FluxML Projects - Summer of Code

Flux usually takes part in Google Summer of Code as a NumFocus organization. We follow the same rules and application guidelines as Julia, so please check there for more information on applying. Below are a set of ideas for potential projects (though you are welcome to explore anything you are interested in). Please note the year by the ideas list below. Project ideas from a previous year will not always carry over to a new year.

Flux projects are typically very competitive; we encourage you to get started early, as successful contributors typically have early PRs or working prototypes as part of the application. It is a good idea to simply start contributing via issue discussion and PRs and let a project grow from there; you can take a look at this list of issues for some starter contributions. Please see the contributing guide for help first.

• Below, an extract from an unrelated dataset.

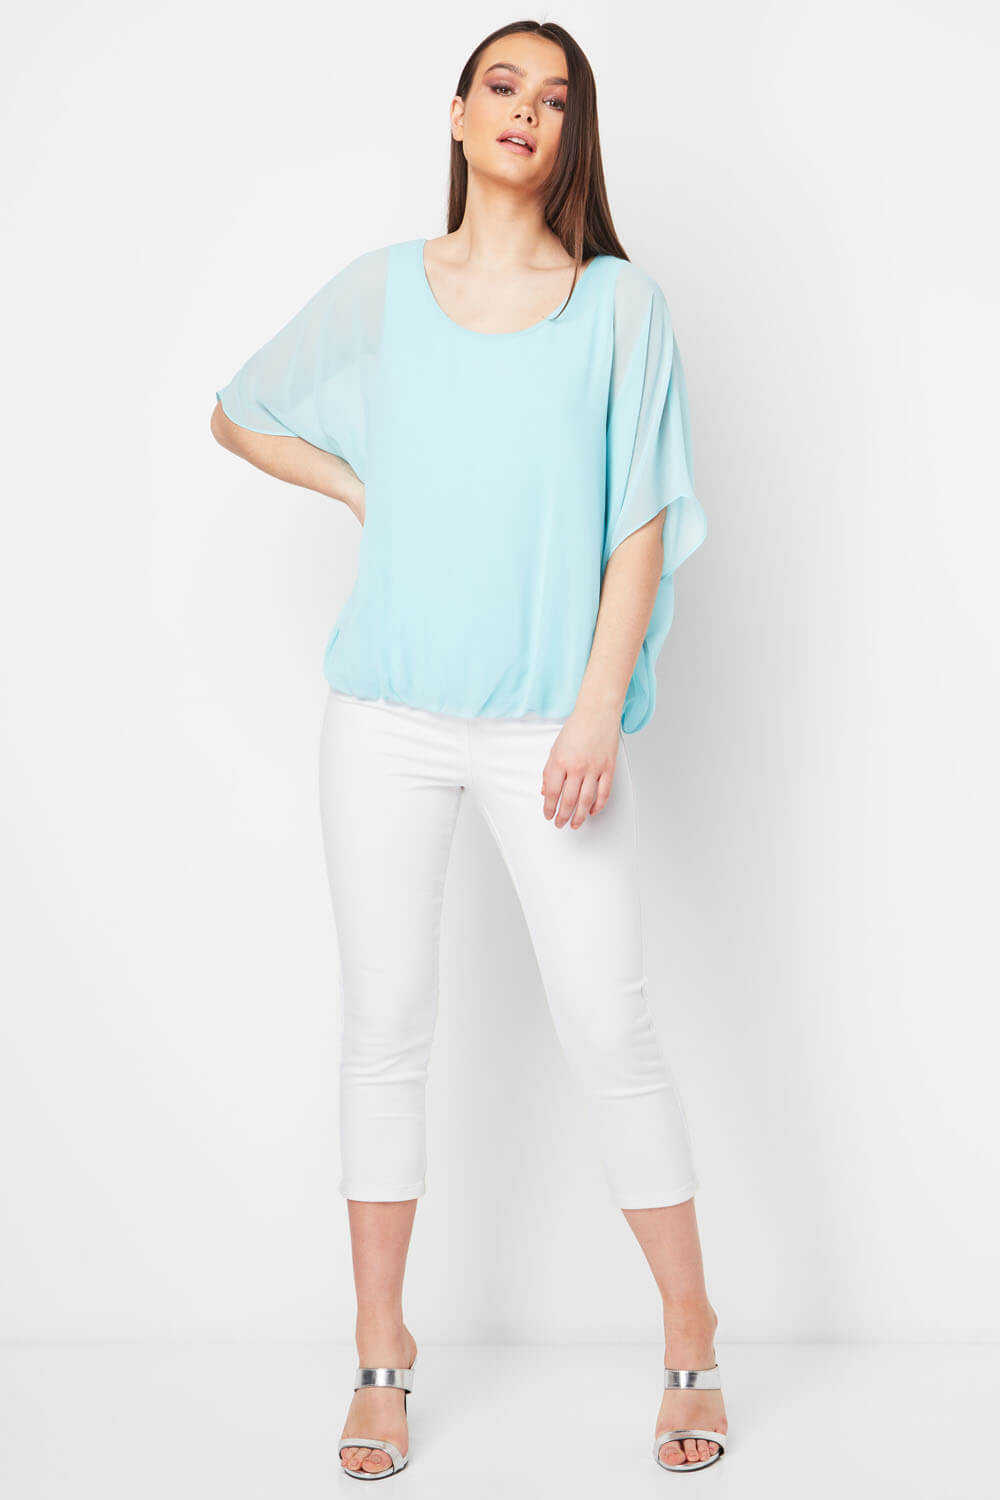 Turquoise Bubble Hem Top, Image 2 of 8

FluxML GSoC 2024 Ideas List

Writing Julia-native kernels for common NN operations

Implement optimized kernels for common neural network operations for which we don't already have Julia-native implementations. This project will require experience with GPU kernel writing and performance optimizations.

Difficulty. Hard. Duration. 350 hours

Description

Many ML frameworks are making the move away from vendor-specific libraries (like CUBLAS, CUDNN, etc.) towards more generic, JIT-compiled implementations of ML-related kernels, like BLAS, softmax, ReLU, etc. The reasons for this move are many-fold:

Vendor-provided libraries often only work on that vendor's hardware and software
These libraries only support certain element types, tensor shapes/sizes, and limited array view/stride/transpose support
These libraries often expect to be executed from the host, without a device-side launchable equivalent
These libraries have unreliable build systems or are binary blobs

Improving this state of affairs for Flux will involve using Julia's existing GPU and compute kernel libraries (e.g KernelAbstractions.jl) to implement various accelerated, cross-vendor routines. These kernels should be both composable and performance competitive with Flux's current generic code paths. Examples of routines specifically useful for implementing Neural Networks include:

GEMM and GEMV
Softmax
Batchnorm and Layernorm
ReLU
Convolution/correlation

The ideal candidate should have experience with what operations are used in popular ML models and how they are commonly implemented on GPU. This includes experience writing and benchmarking high performance GPU kernels. Because kernels will be required for both training and inference, an understanding of automatic differentiation (AD) is also highly recommended.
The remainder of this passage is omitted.